The Map object maintains all master shards on the current node. The IP address is stored to facilitate the determination of the main fragment on the node, and because the result returned by the Elastic Search cluster contains all the nodes, the main fragment is separated from all other main fragments by the IP address.
Design of Map object: and splicing the hash character string with the index value with a new character string formed by the fragment number, wherein the key is the English name of the index. As follows:
(TnRucew-ThawtzMZcfMXpw/4,flinkxw123)。
where TnRucew-thawttzmzcfmxpw is a hash string indexing the english name flinkxw123, with 4 being denoted as master partition number 4.

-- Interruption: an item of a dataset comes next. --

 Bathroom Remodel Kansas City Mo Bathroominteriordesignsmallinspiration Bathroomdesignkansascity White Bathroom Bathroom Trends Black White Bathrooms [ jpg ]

B, reading the pre-written log record of each main sub-slice under each node under the data disc directory on each node;
b1, traversing the data disk directory of each node to obtain the key value of the Map object, transmitting the key value of the Map object to the current node to obtain the path of the main fragment of each index on the disk, obtaining the file name set at the end of the main fragment directory of the & ltSUB & gt & lt ckp & gt under the path of the main fragment, and sequencing the obtained file sets according to the update time, wherein the update time closest to the current time is arranged at the forefront;
step B2: traversing the obtained pre-written log file set, reading the content in each file in a Java nio mode to obtain the offset (offset), the number of written pieces (numOps) and the file algebra (generation) of each file, and judging the value of the offset of each file; if the offset value of the file is less than or equal to 55, skipping the file, and if the offset value of the file is greater than 55, finding a corresponding log record file according to the file algebra, reading the byte number content of the specified offset, and adding or updating the offset into a Map object maintained by a current node. The offset 55 is defined because the content of the data can be completely successfully read at 55, which is advantageous.

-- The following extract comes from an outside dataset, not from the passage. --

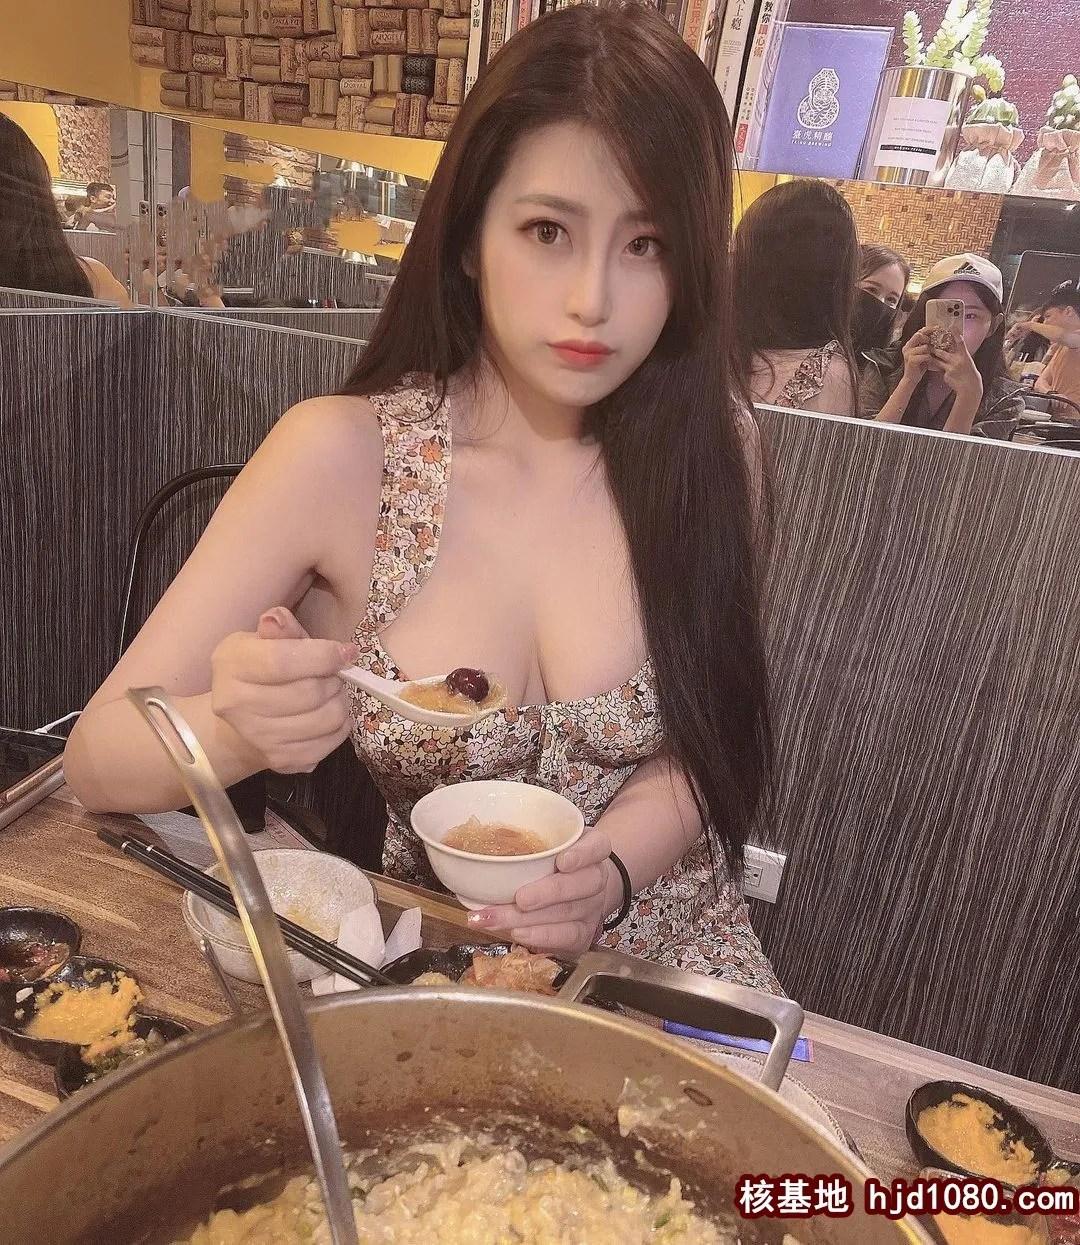 Yumi.k「乳量100%飽滿」奶香四溢-小柚妹站

According to the method, a file name set at the end of the segment of No. ckp is obtained through a path of a main segment, namely, the file name set is a pre-written log record, an Elastic Search can divide a data file by taking 65M as a standard, and the file at the end of the segment of No. ckp records some metadata information of the divided files; sorting the files according to the update time, wherein the latest time closest to the current time is ranked at the top; real-time updating can be realized, and the latest updating is obtained each time; when the data file is less than 65M, the data file is read once, after the data file is updated, the read data is skipped through the offset of the Map object record, and the data is read from the updated position.
And C: and filtering and screening the data content of the read file, filtering the data content if the read data content contains a 'transclog' key word, selecting the data content if the read data content does not contain the 'transclog' key word, adding a 'transclog' key word to the data content, and writing the data content into the ring buffer queue.

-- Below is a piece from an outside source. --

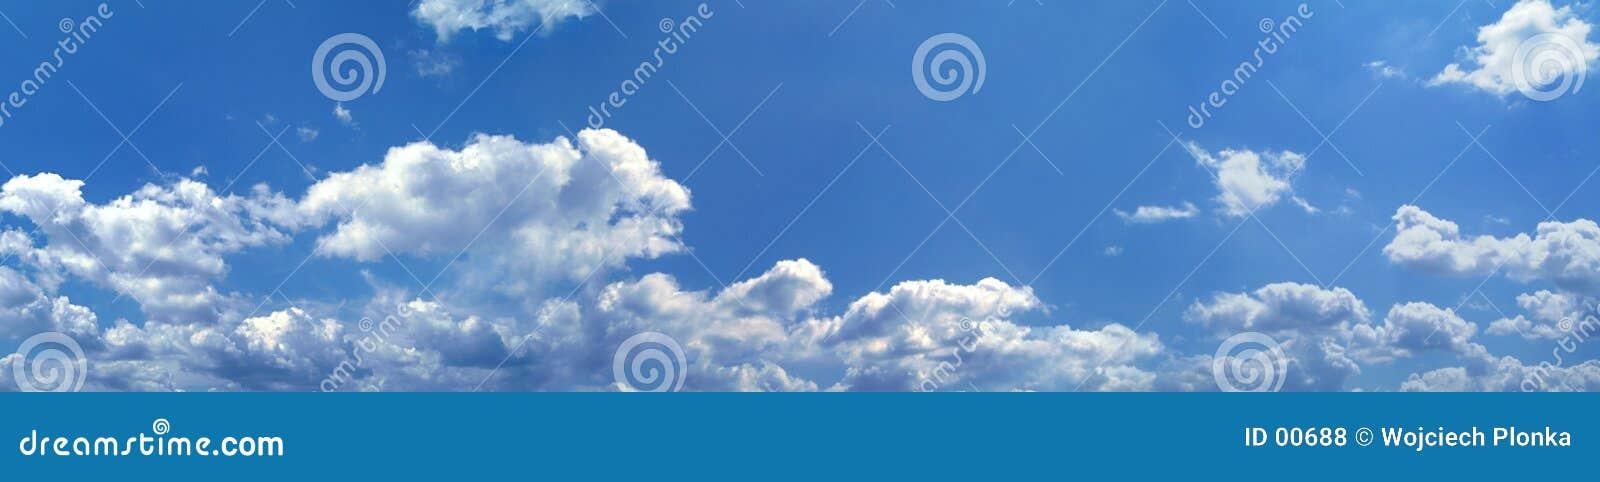 Panorama des blauen Himmels

The new addition of a "transclog" key avoids a piece of content from being synchronized back and forth between two Elastic Search clusters, a piece of newly written data is indicated by parsing if the entire "transclog" key is not included in the content, and no synchronization is required if the "transclog" key indicates that the piece of newly written data has been parsed.
Step D, reading data in the annular buffer queue in a multithread mode, and writing the read data into an Elastic Search cluster B in a synchronous blocking mode;
step E: judging whether all data are successfully written, if the data are unsuccessfully written, rewriting, and if the data are rewritten more than a specified number of times, writing the data into a disk for persistence;
step E1, checking the written data, obtaining a returned result JSON character string after being submitted to the cluster B, obtaining the value of an alarm field in the JSON character string, if the value is true, the fact that the submission has errors is shown, if the value is false, the fact that the submission has no errors is shown, the submission is successful, on the premise that the value is true, obtaining the number of data volumes in the returned JSON character string, comparing the number with the data volumes before the writing, if the data volumes are equal, the fact that the submission is successful, then reading the data from the annular buffer queue for the next time, and if the submission has errors or the returned writing number is inconsistent, rewriting;
step E2: and outputting the data which is not successfully submitted to the disk, and after 3 times of rewriting, if the data is still not successfully submitted, persistently storing the data to the disk. And then the next reading of data from the ring buffer queue is performed.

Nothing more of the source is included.